WHAT YOU WILL DO. Repeat only the lines below from the one containing "17 inch Large" through the one containing "Shelf Liners & Drip Trays", inclusive, exactly as written.

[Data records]
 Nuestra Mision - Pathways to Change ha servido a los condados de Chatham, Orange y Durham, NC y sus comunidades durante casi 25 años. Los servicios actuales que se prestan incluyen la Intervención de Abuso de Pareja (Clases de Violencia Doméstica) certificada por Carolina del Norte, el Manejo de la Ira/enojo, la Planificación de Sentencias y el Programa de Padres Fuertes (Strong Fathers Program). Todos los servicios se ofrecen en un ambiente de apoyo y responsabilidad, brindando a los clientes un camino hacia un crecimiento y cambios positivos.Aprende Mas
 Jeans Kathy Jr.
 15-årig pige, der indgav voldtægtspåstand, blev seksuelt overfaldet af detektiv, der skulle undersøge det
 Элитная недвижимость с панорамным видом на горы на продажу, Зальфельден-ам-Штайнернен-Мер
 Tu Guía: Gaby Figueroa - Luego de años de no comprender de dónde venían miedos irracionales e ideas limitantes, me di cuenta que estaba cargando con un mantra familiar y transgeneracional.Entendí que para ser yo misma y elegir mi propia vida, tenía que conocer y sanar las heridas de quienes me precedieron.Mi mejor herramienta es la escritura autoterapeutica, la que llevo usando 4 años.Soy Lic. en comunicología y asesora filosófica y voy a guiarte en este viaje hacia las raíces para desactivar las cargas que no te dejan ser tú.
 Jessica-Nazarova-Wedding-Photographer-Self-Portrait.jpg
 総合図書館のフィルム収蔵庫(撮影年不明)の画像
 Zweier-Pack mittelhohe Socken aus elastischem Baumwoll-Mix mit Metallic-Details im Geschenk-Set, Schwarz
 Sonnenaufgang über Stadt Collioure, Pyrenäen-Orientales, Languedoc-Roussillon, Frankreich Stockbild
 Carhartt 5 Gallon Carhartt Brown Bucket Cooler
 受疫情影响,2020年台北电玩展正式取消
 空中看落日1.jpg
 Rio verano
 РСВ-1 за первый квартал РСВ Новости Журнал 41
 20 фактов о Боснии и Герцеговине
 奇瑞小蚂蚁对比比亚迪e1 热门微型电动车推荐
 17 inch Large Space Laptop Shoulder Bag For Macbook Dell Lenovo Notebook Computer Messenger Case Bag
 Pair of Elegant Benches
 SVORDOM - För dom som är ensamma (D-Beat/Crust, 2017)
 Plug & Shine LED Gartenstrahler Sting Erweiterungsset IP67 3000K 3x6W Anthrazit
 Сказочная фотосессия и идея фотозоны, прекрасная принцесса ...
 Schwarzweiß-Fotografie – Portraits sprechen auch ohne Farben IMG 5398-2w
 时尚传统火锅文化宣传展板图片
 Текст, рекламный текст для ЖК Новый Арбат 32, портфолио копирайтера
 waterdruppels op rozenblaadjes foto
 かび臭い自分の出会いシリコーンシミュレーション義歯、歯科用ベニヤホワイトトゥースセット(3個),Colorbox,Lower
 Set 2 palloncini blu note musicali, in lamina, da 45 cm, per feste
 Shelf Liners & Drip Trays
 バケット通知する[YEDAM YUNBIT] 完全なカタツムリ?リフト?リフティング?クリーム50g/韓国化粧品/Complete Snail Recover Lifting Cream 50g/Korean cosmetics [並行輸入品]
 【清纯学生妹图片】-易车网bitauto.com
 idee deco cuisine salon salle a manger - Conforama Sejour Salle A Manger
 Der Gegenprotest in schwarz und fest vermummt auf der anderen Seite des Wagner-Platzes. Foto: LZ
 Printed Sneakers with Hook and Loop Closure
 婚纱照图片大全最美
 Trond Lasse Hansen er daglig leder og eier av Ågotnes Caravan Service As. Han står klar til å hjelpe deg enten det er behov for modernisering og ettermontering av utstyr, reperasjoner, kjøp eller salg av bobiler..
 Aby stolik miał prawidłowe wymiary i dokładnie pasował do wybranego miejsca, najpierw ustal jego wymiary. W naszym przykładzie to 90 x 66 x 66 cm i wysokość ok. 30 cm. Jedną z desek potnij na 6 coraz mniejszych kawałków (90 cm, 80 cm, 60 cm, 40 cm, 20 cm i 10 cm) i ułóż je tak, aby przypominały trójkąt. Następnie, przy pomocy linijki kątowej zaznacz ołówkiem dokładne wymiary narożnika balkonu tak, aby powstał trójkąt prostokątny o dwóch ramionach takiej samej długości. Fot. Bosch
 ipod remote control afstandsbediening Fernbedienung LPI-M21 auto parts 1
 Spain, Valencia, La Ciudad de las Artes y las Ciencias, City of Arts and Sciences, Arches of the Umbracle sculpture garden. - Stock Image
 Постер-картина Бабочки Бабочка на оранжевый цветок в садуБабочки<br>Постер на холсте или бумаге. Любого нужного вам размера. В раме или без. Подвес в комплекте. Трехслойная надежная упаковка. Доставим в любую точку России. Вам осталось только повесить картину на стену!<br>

YOUR RESPONSE.
 17 inch Large Space Laptop Shoulder Bag For Macbook Dell Lenovo Notebook Computer Messenger Case Bag
 Pair of Elegant Benches
 SVORDOM - För dom som är ensamma (D-Beat/Crust, 2017)
 Plug & Shine LED Gartenstrahler Sting Erweiterungsset IP67 3000K 3x6W Anthrazit
 Сказочная фотосессия и идея фотозоны, прекрасная принцесса ...
 Schwarzweiß-Fotografie – Portraits sprechen auch ohne Farben IMG 5398-2w
 时尚传统火锅文化宣传展板图片
 Текст, рекламный текст для ЖК Новый Арбат 32, портфолио копирайтера
 waterdruppels op rozenblaadjes foto
 かび臭い自分の出会いシリコーンシミュレーション義歯、歯科用ベニヤホワイトトゥースセット(3個),Colorbox,Lower
 Set 2 palloncini blu note musicali, in lamina, da 45 cm, per feste
 Shelf Liners & Drip Trays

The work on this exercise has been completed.